- [GIVEN INFORMATION]:

◆ ◆ ◆ ◆ ◆ ◆ ◆

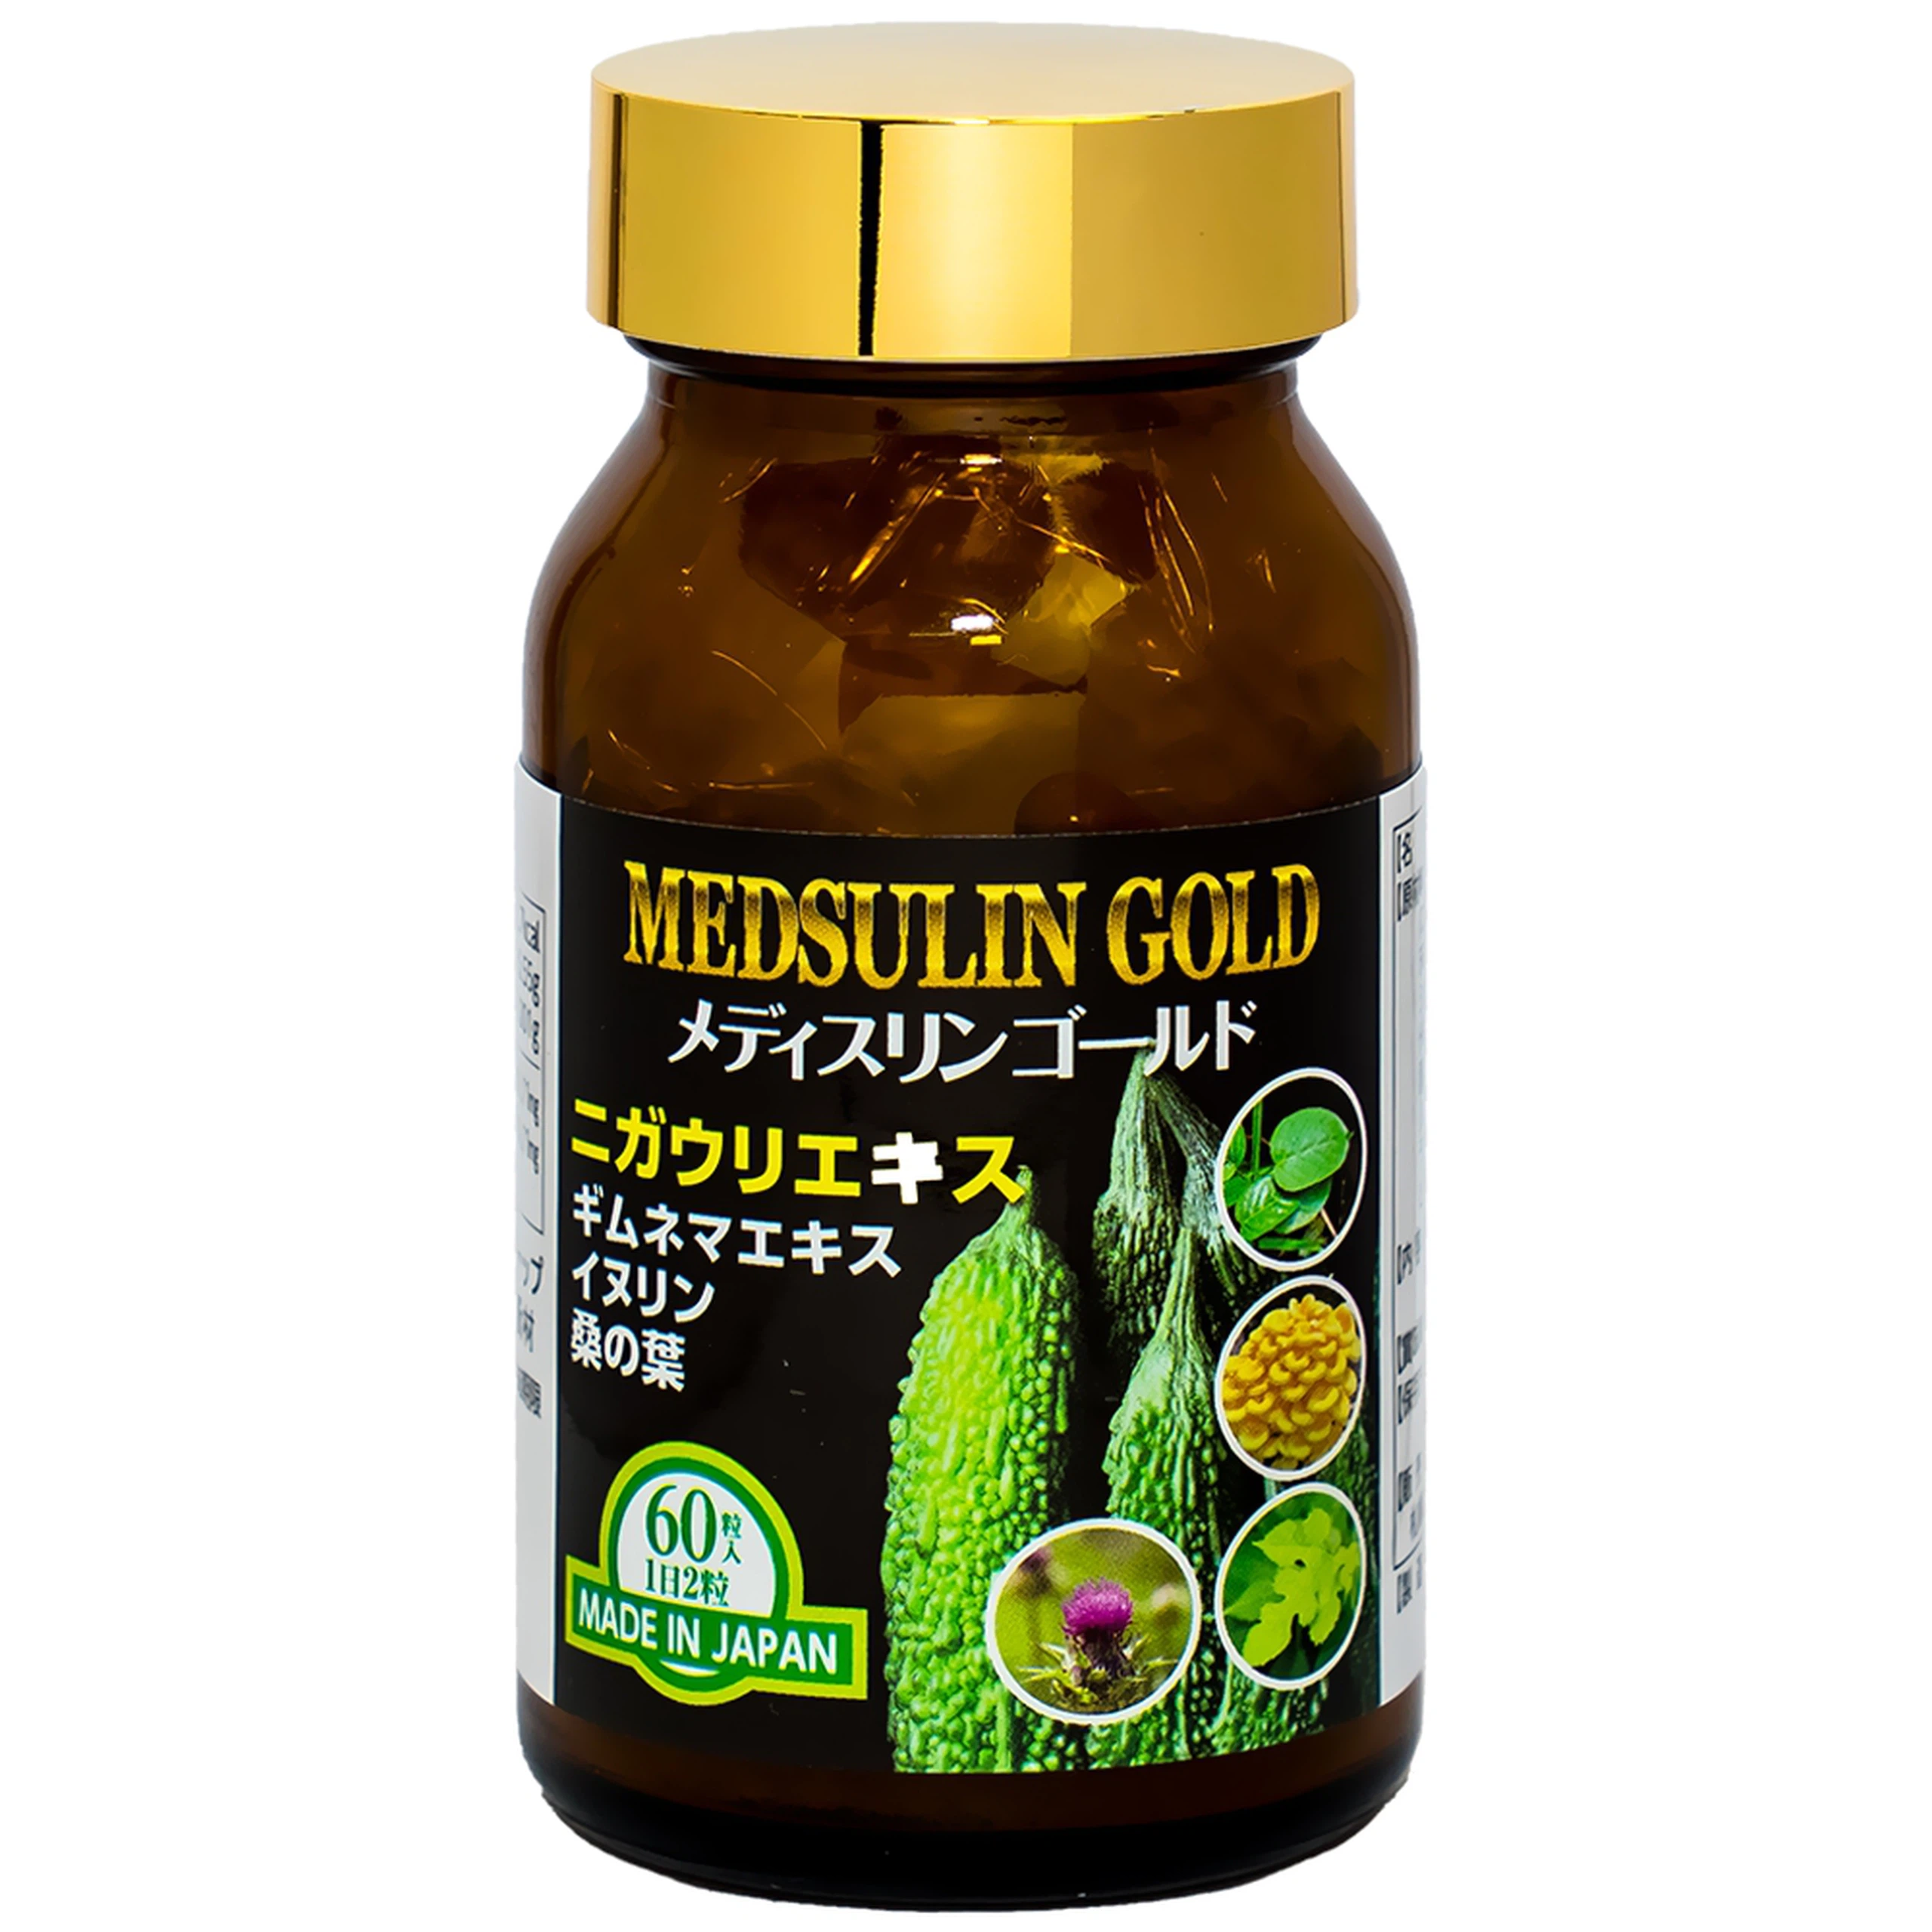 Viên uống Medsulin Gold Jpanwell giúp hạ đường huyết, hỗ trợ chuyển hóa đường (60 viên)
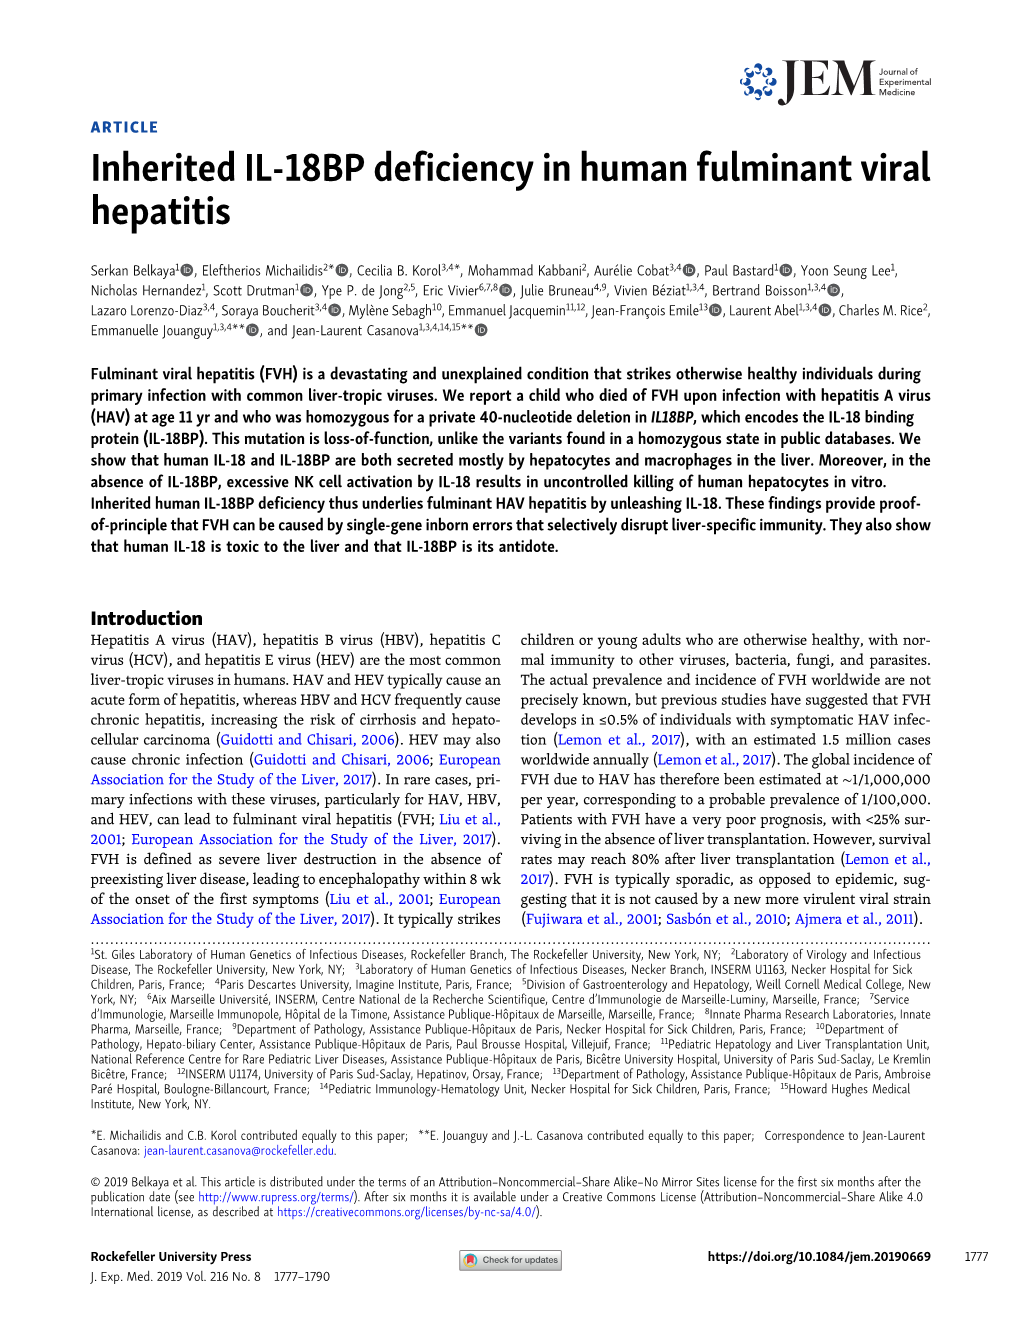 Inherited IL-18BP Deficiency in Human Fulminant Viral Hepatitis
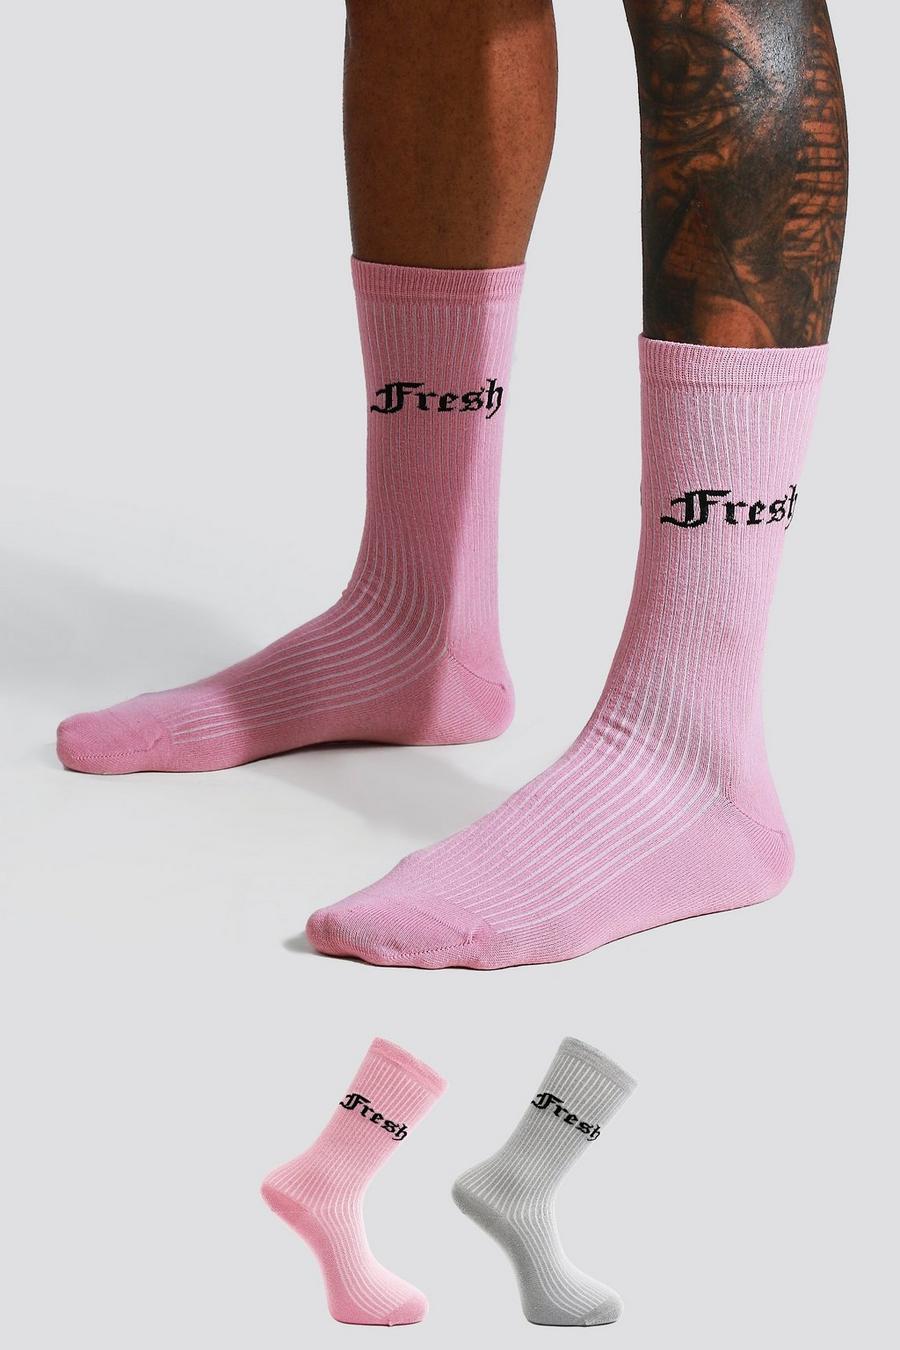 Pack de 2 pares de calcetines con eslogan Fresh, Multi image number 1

◆ ◆ ◆ ◆ ◆ ◆ ◆

- [PROMPT]:
Transcribe the listing verbatim, pictures excluded.

- [FINISHED EXERCISE]:
 Viên uống Medsulin Gold Jpanwell giúp hạ đường huyết, hỗ trợ chuyển hóa đường (60 viên)
 Inherited IL-18BP Deficiency in Human Fulminant Viral Hepatitis
 Pack de 2 pares de calcetines con eslogan Fresh, Multi image number 1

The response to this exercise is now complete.